Nuestro paso por Singapur

El león de Singapur

El león de Singapur

El cruce de frontera entre Malasia y Singapur fue bastante rápido, si bien se produjo bastante desconcierto a la hora de regresar al autobús.

Cuando llegamos al control de pasaporte malayo fuimos echados del autobús por el conductor sin mayores explicaciones; y tras pasar la frontera malaya nos encontramos con dos hangares de autobuses. ¿Cuál sería el nuestro?

Afortunadamente acertamos a la primera con el que nos tocaba y llegamos a tiempo para cambiar de bus, el cual nos llevó al centro de Singapur.

Allí conocimos a una simpatiquísima pareja, un matrimonio formado por un estadounidense especializado en culebras y una enfermera indonesia. Nos invitaron a comer y estuvimos charlando durante un buen rato.

China Town y rascacielos de Singapur

China Town y rascacielos de Singapur

Nuestras tres noches en Singapur las pasamos con nuestro host de couchsurfing, un indio que llevaba ya varios años viviendo y trabajando en Singapur. Al igual que la pareja estadounidense indonesia, nos recalcó especialmente la necesidad de aprovechar Singapur para probar toda clase de gastronomías.

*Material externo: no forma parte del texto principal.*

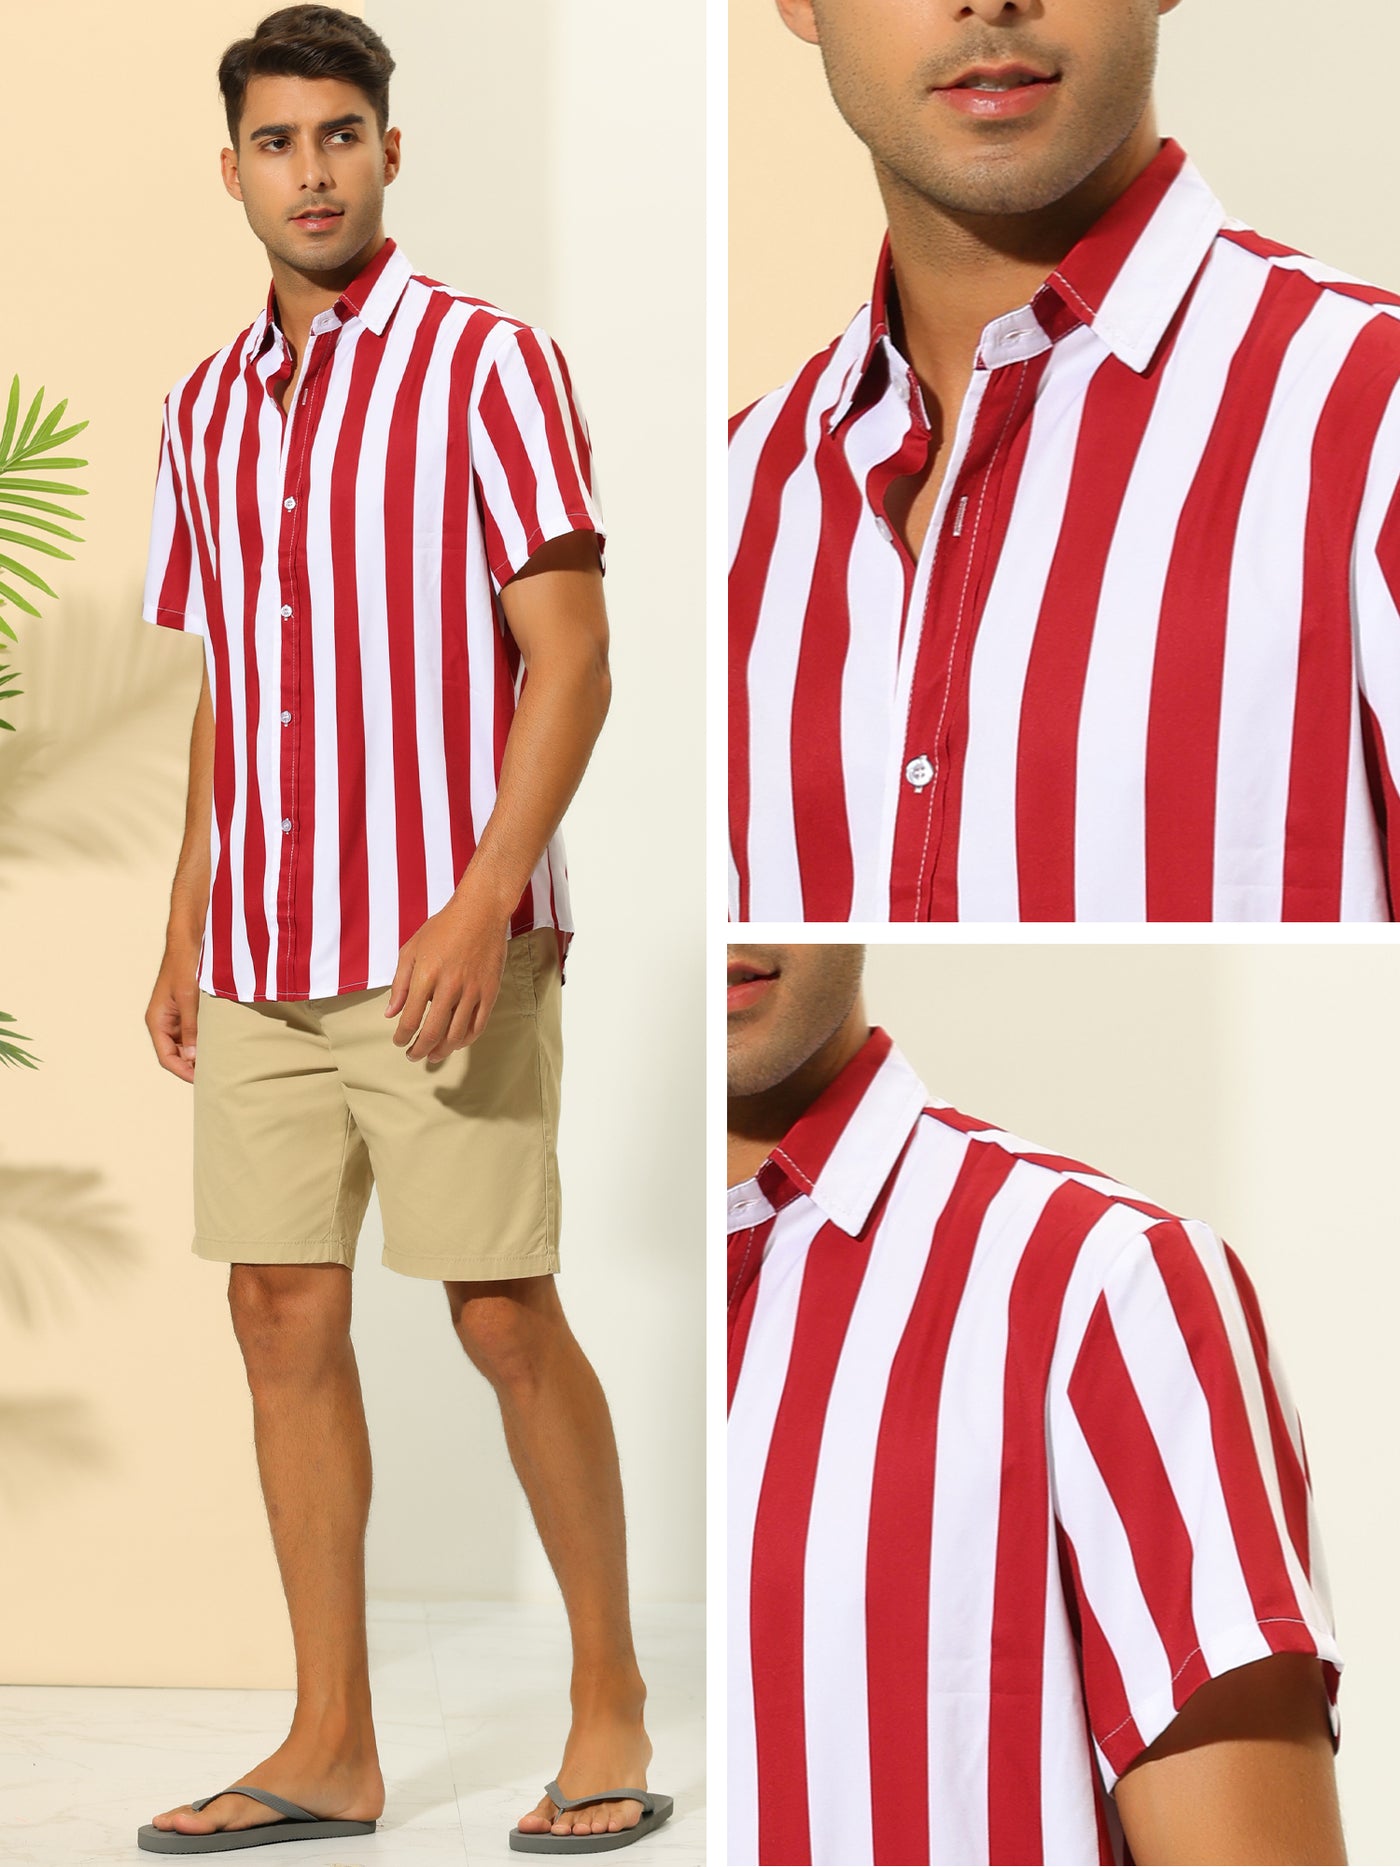 Bublédon Striped Shirts for Men's Summer Regular Fit Short Sleeves Button Down Hawaiian Shirt

Tras pasar por un cajero tuvimos que habituarnos a la nueva moneda:

1 Euro son 1,71 dólares de Singapur.

El problema, respecto a la sugerencia que nos hacia todo el mundo, es que para nosotros Singapur no es tan barato como para ellos, no como Malasia, ni mucho menos como Tailandia. Estábamos acostumbrados a gastar 6 ringgits malayos por comida (1,5€) y allí rondaban los 4-5 dólares de Singapur por cantidades más pequeñas. Debido al elevadísimo precio de la vivienda, superior al de Madrid o Barcelona, la comida les parece tirada de precio.

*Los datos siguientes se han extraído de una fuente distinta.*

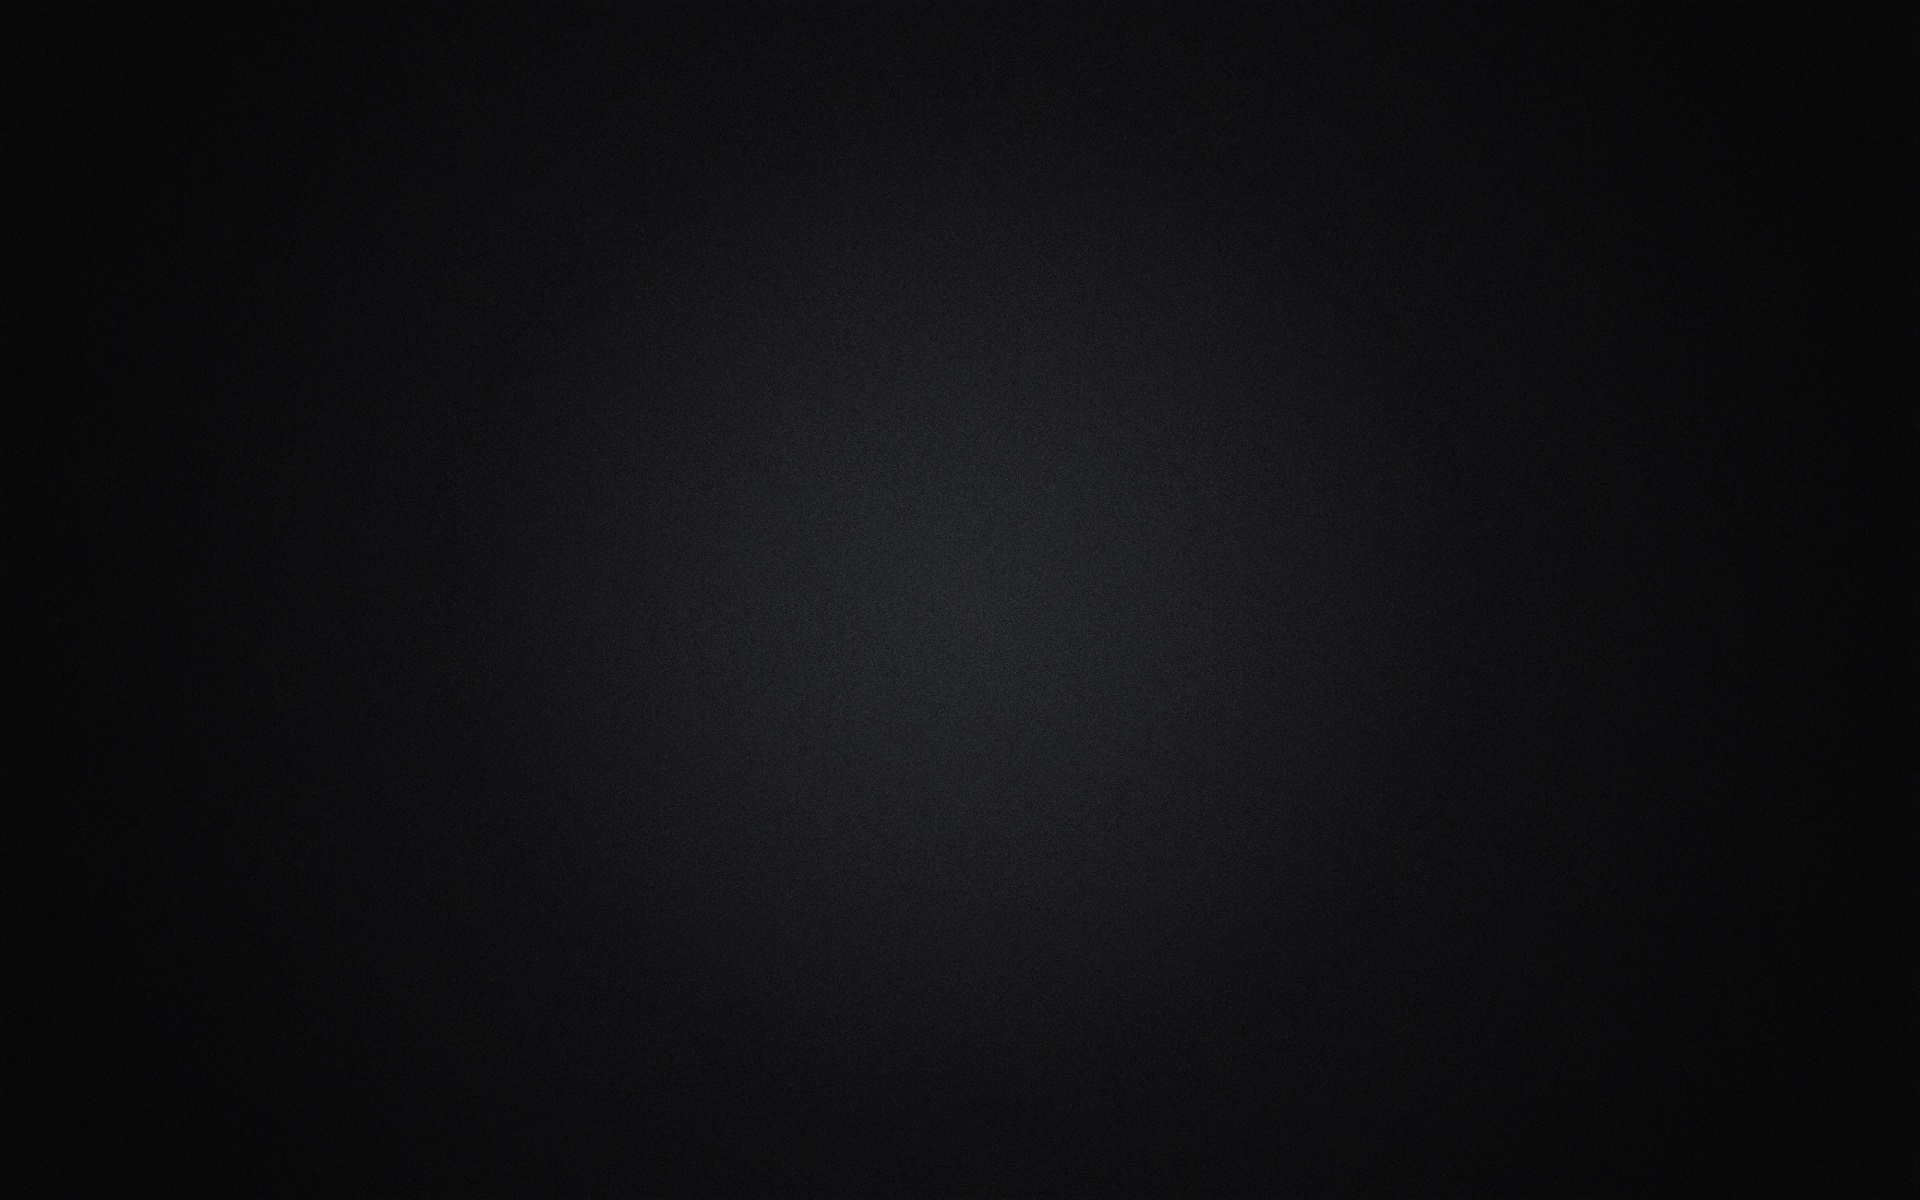 Cool Black Wallpapers Full Screen - WallpaperSafari

Uno de los muchos elefantes que decoran Singapur

Uno de los muchos elefantes que decoran Singapur

Los mejores lugares para comer barato y en condiciones en Singapur son China Town (si te gusta la comida china, si bien en los Food Court encontrarás otras gastronomías) o Little India (para disfrutar de la deliciosa comida india).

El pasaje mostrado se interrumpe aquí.